EXERCISE GOAL: Please set out each line below exactly as it stands, without the images.

[[ DATA open ]]

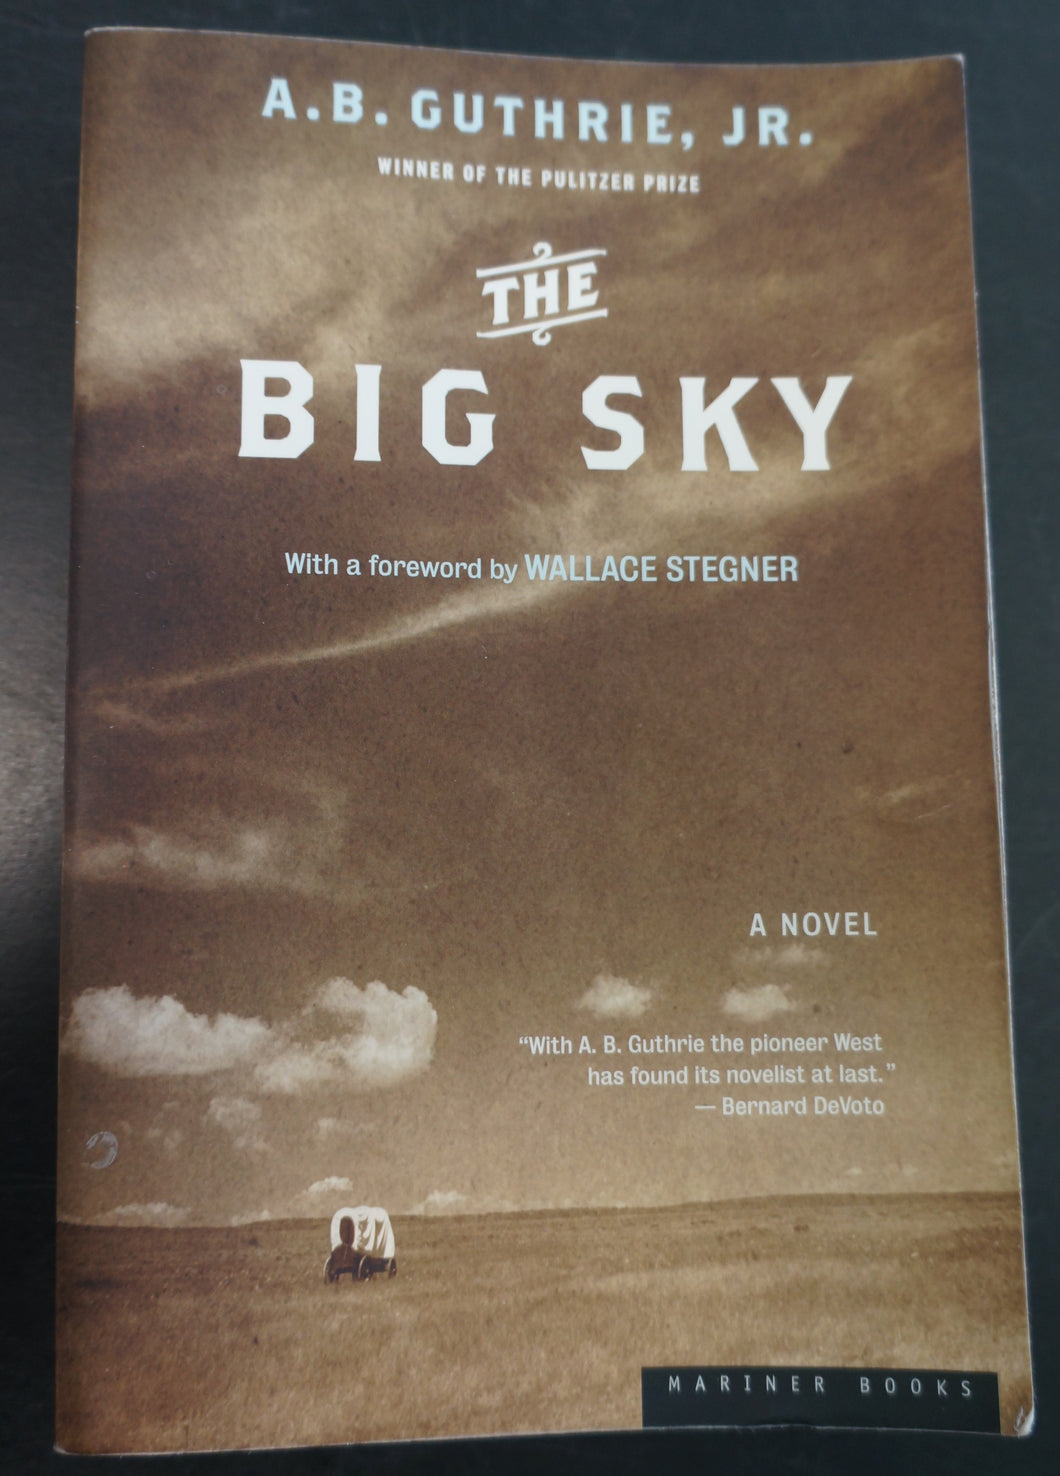 The Big Sky by A.B. Guthrie, Jr.
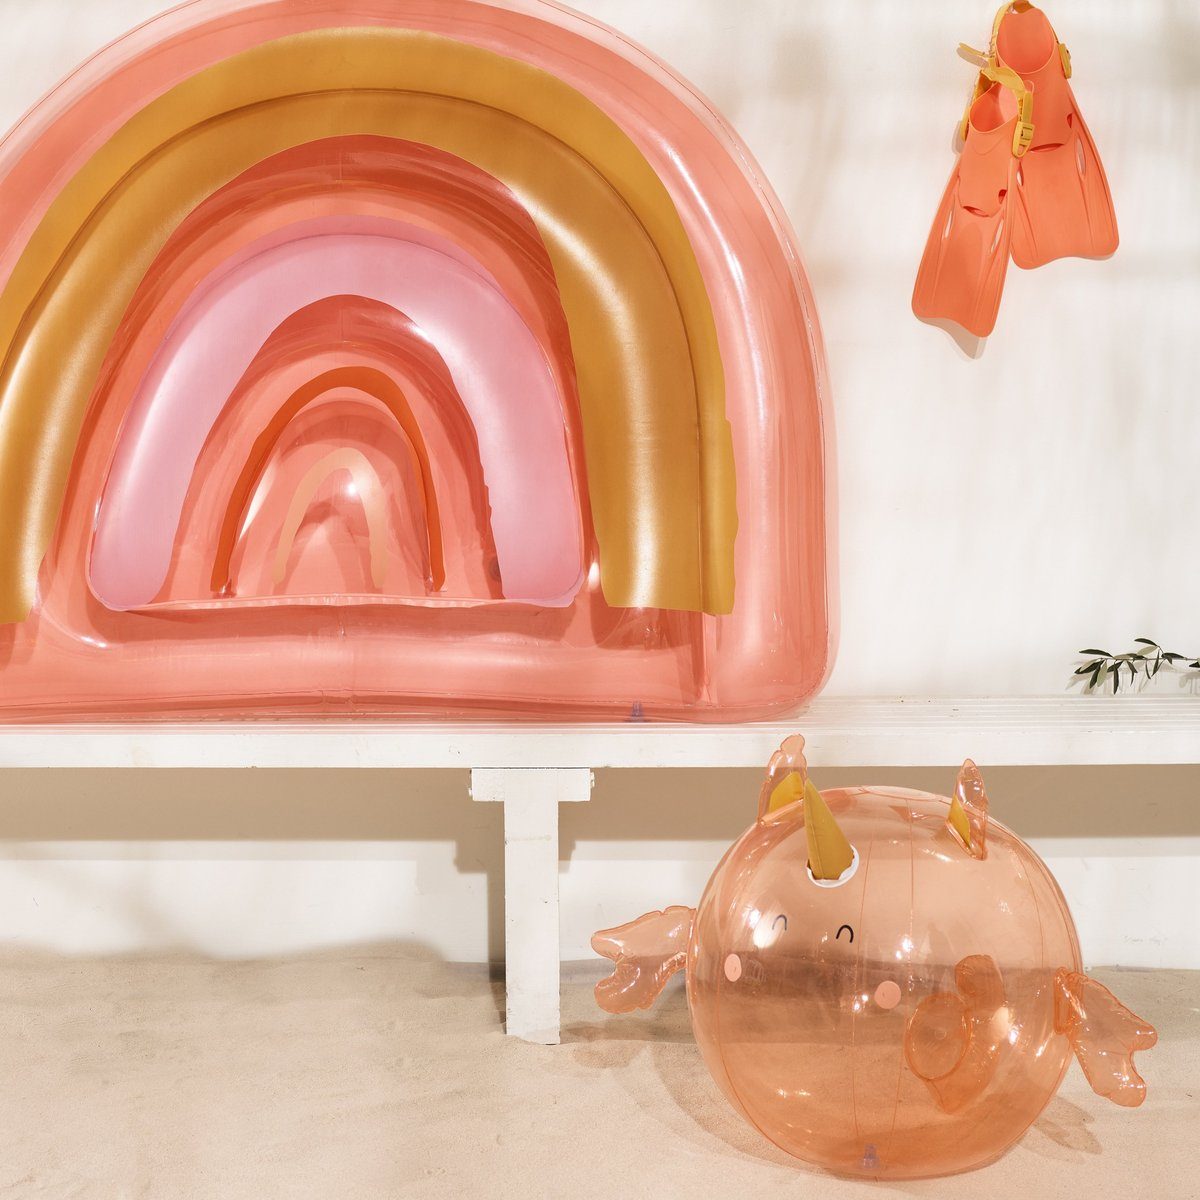 Inflatable Buddy Ball Seahorse Unicorn- Peachy Pink
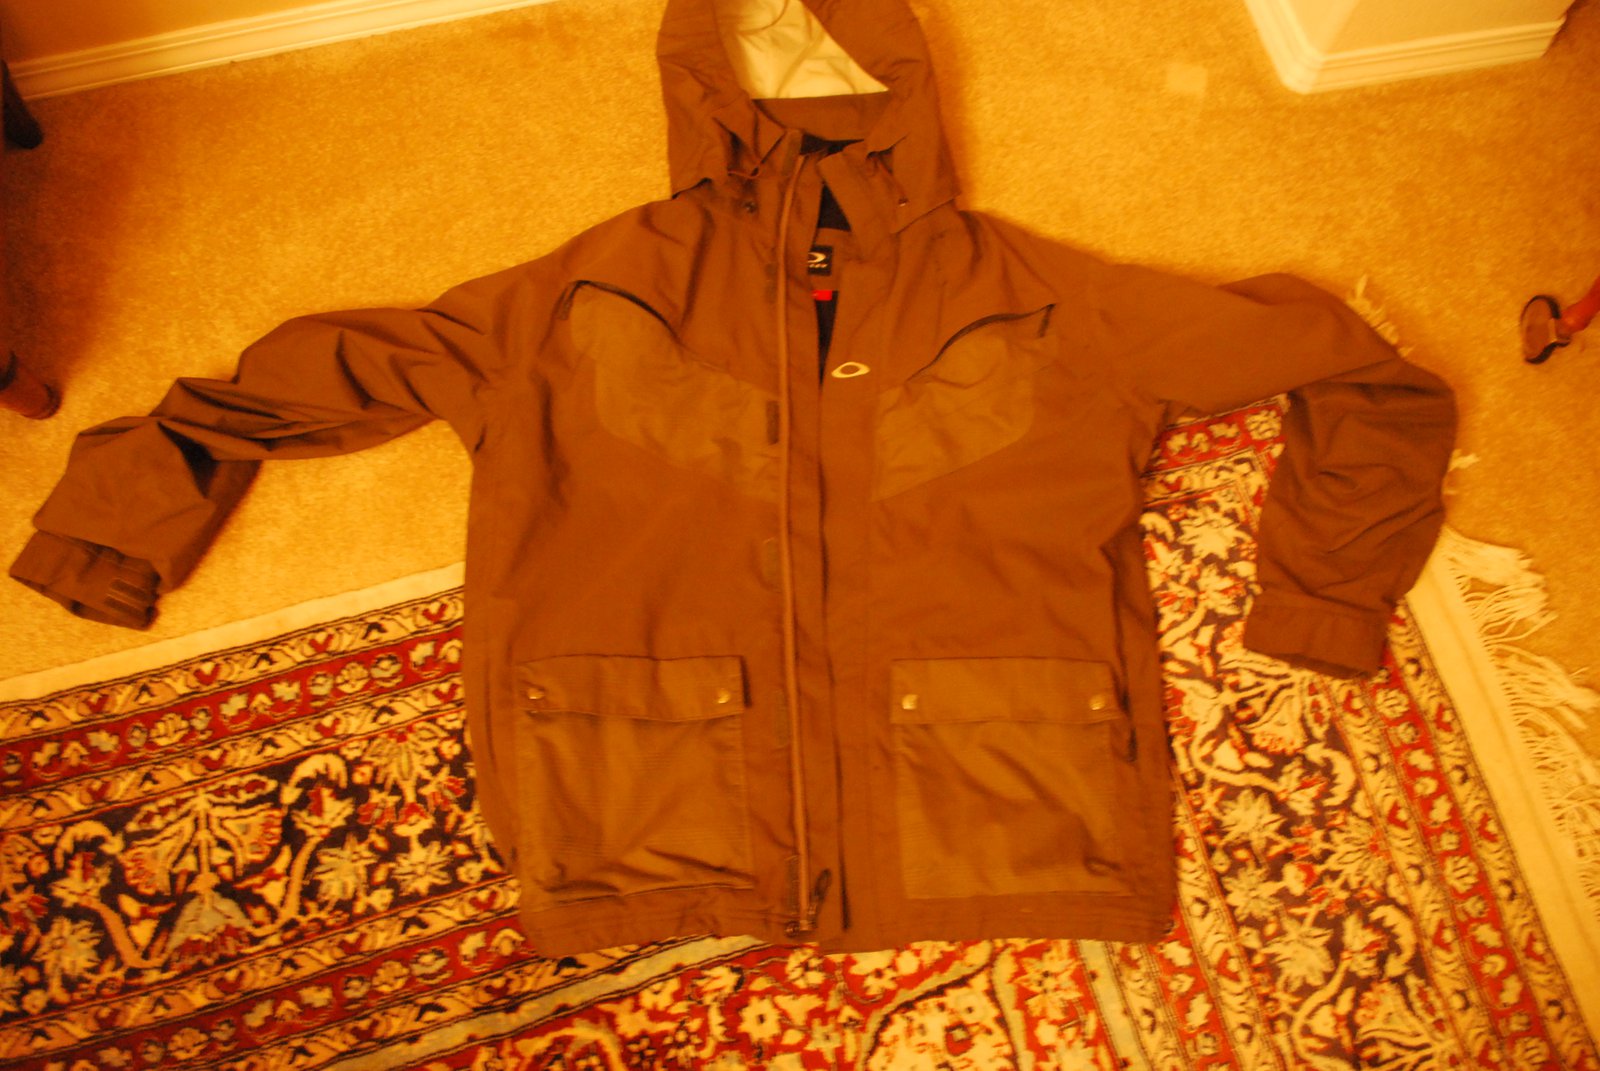 Wingman jacket
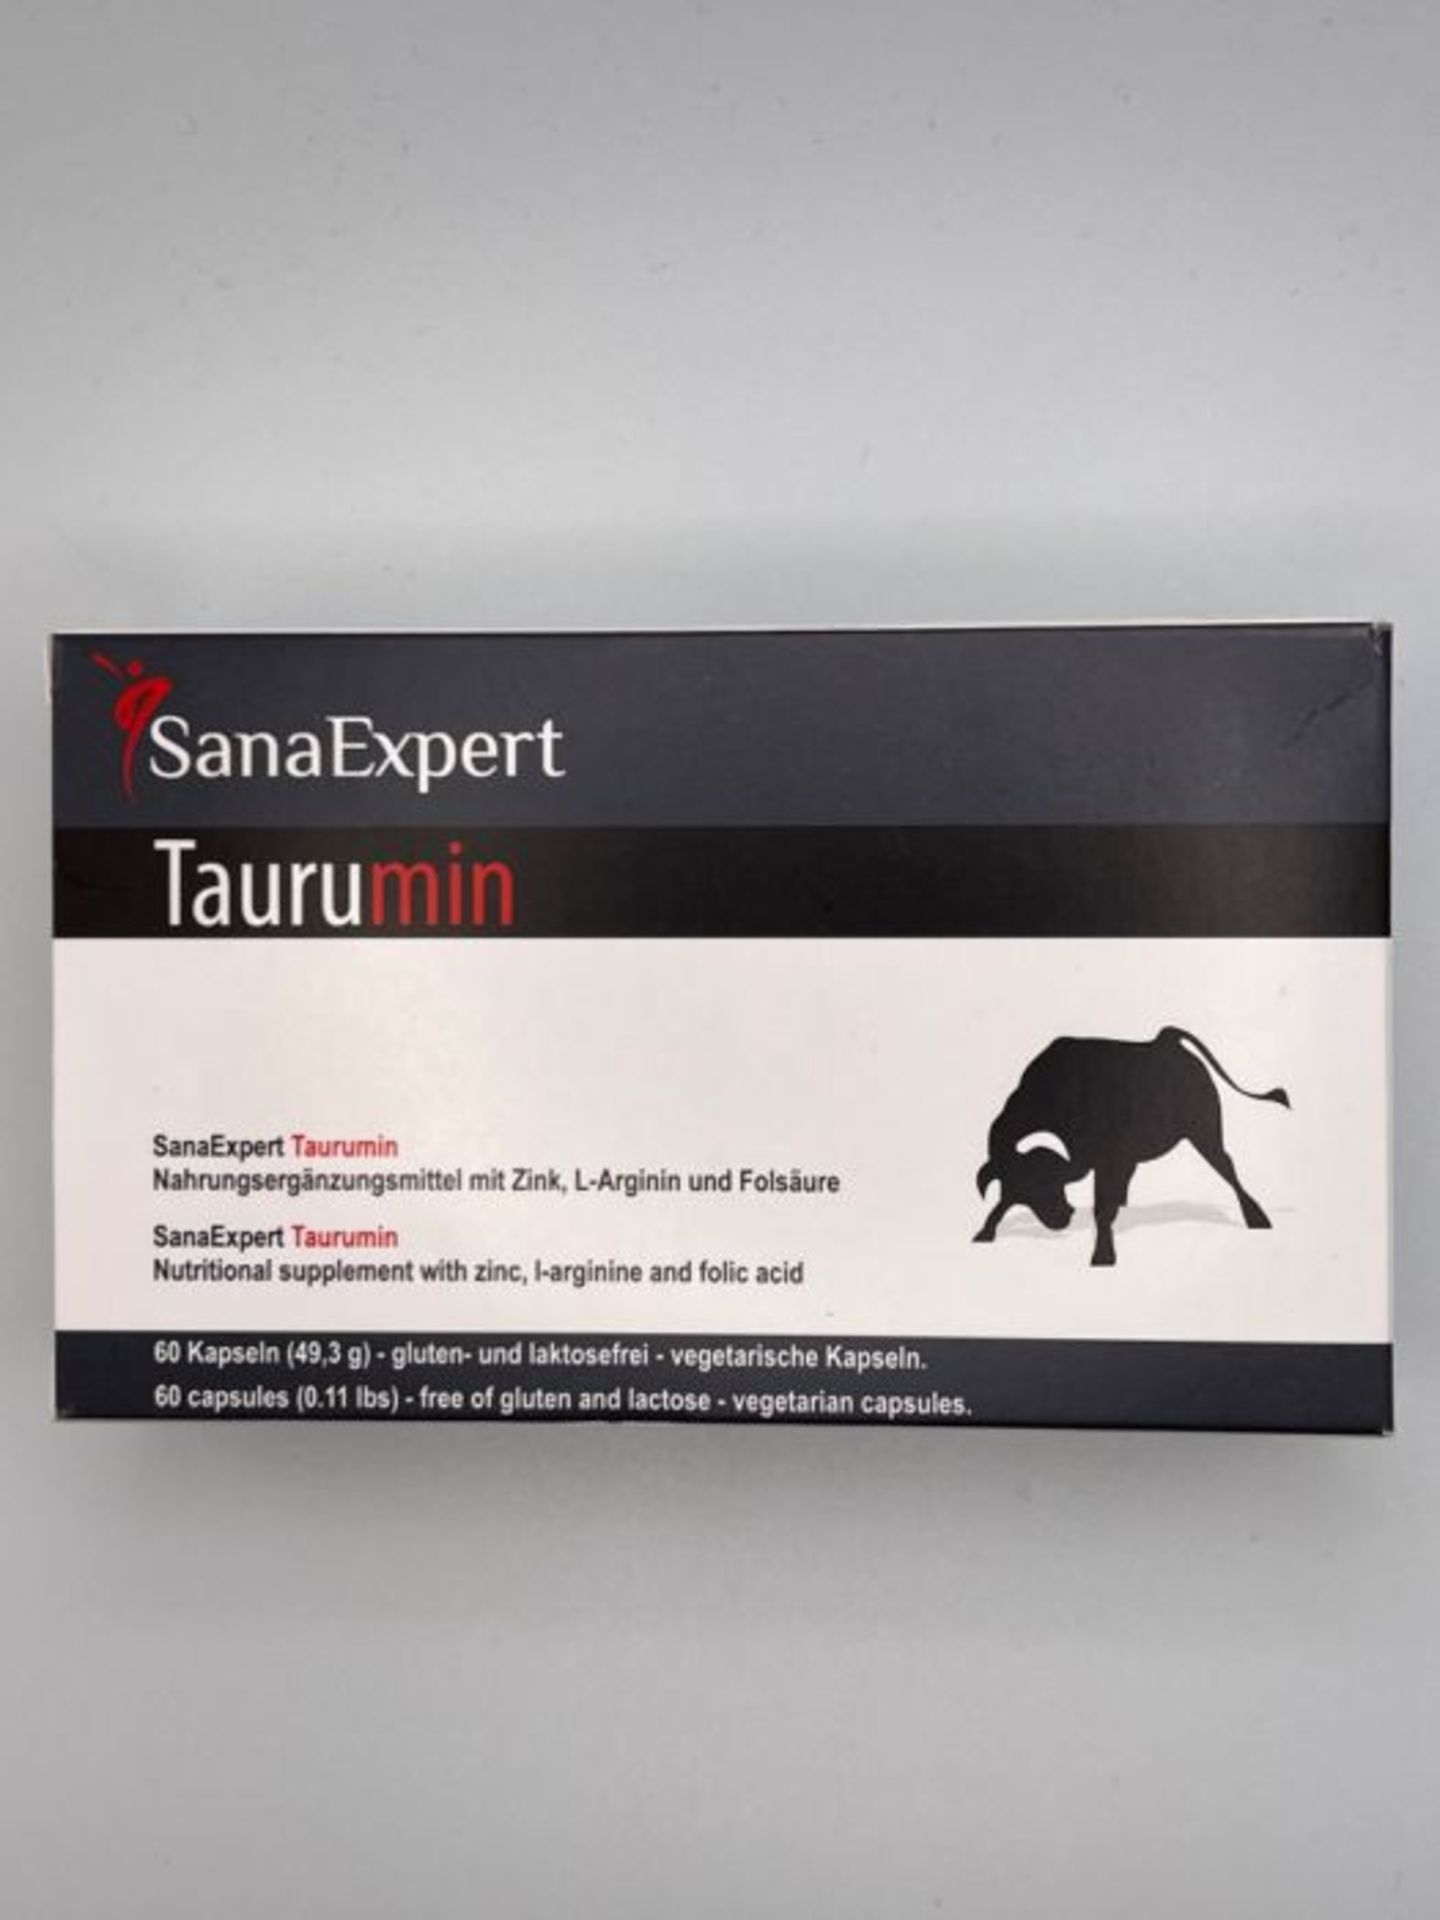 SanaExpert Taurumine with L-arginine, Alpha-liponic Acid, zinc, folic Acid, Fertility - Image 2 of 3

[[ DATA closed ]]

EXERCISE SOLUTION:
 The Big Sky by A.B. Guthrie, Jr.
 Inflatable Buddy Ball Seahorse Unicorn- Peachy Pink
 Wingman jacket
 SanaExpert Taurumine with L-arginine, Alpha-liponic Acid, zinc, folic Acid, Fertility - Image 2 of 3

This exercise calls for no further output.